I’m happy to say there are natural things we can do to minimize this. Let’s look at my top natural suggestions.

1. Humidify

The first suggestion is to ensure that the air in the home, and the bedrooms, in particular, is properly humidified. It’s recommended to keep the home between 50 and 60 per cent humidity. In one study conducted in 2010, the absolute humidity was measured and determined to be a strong predictive factor in both the seasonality of influenza - including the timing of outbreaks. 

Likewise, the CDC has done studies on humidity and the transmission of influenza viruses.

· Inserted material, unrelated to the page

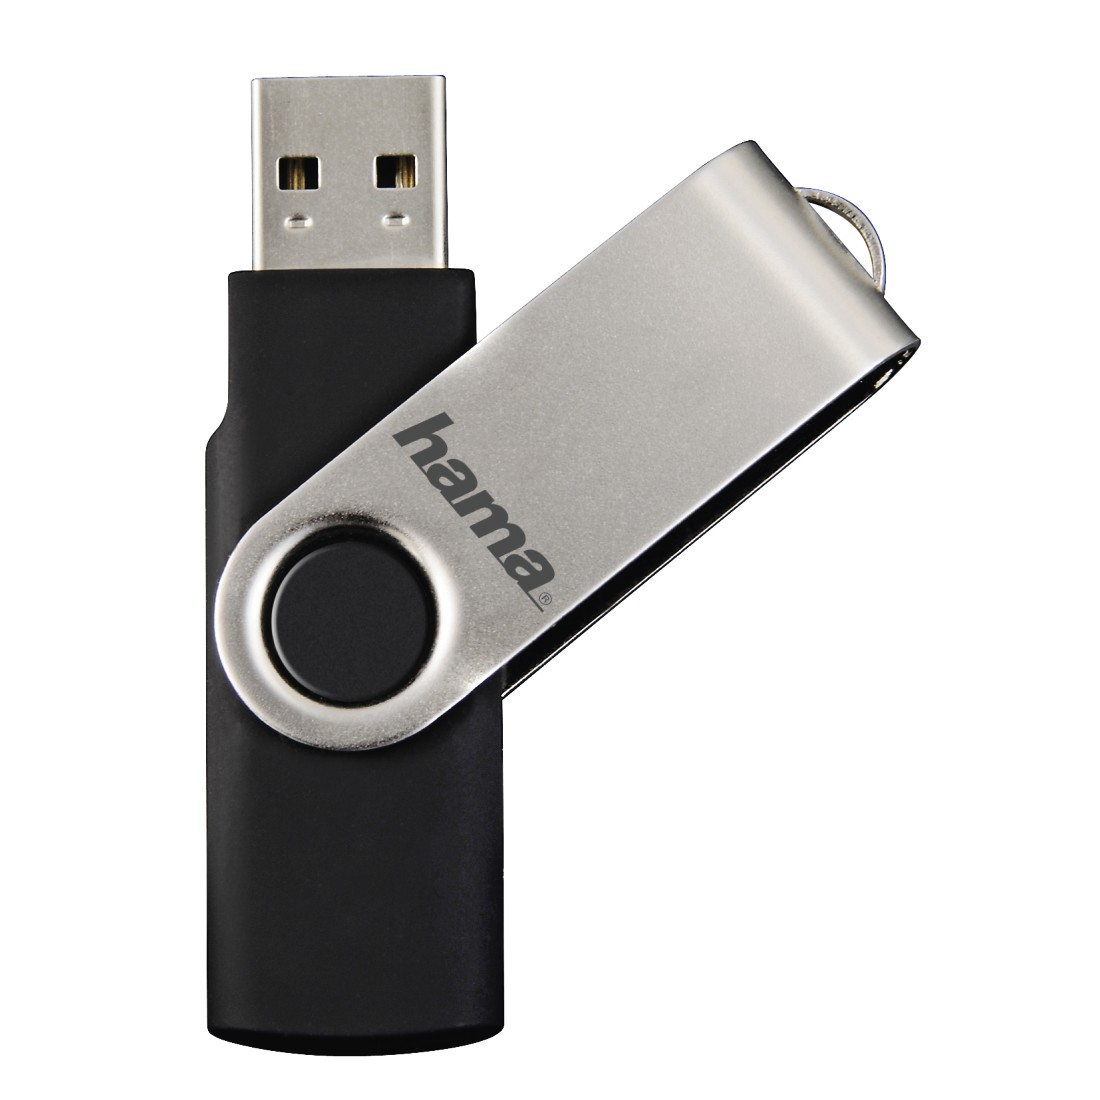 GB, Rotate 10 Schwarz/Silber 32 USB-Stick, MB/s, HAMA

“At humidity levels of 23 per cent, 70 to 77 per cent of the flu virus particles were still able to cause an infection an hour after the coughing simulation. But when humidity levels were raised to 43 per cent, just 14 per cent of the virus particles had the ability to infect. Most of the flu particles became inactive 15 minutes after they were released into the humid air. The virus just falls apart at high humidity levels," said study researcher John Noti, of the CDC's National Institute for Occupational Safety and Health. source

In a 2019 study at Yale University, publishers concluded that not only did exposure to dry air increase the survivability of influenza viruses, but it also compromised the innate immunity of the host. 

“These results indicate that exposure to dry air impairs host defence against influenza infection, reduces tissue repair, and inflicts caspase-dependent disease pathology.” source

There are a few ways to humidify the home in the winter. We can use humidifiers (preferably cool air devices to avoid burns), and we can also do something very simple: leave the bathroom door ajar when showering without running the exhaust fan. The steam that is exhausted from home can then circulate through the home to help bring humidity levels up. 

2. Take Zinc

The immune system is our natural defence against viruses, but to keep it healthy, there are a few key nutrients we must get enough of. Zinc is one such nutrient. We only need it in small amounts, but many people I see clinically are deficient. There are a few reasons for this, including a low intake of foods high in zinc (red meat, shellfish, eggs, legumes, nuts and seeds) and low stomach acid, as well as a damaged gut from Celiac disease (on the rise) or a damaged gut microbiota. 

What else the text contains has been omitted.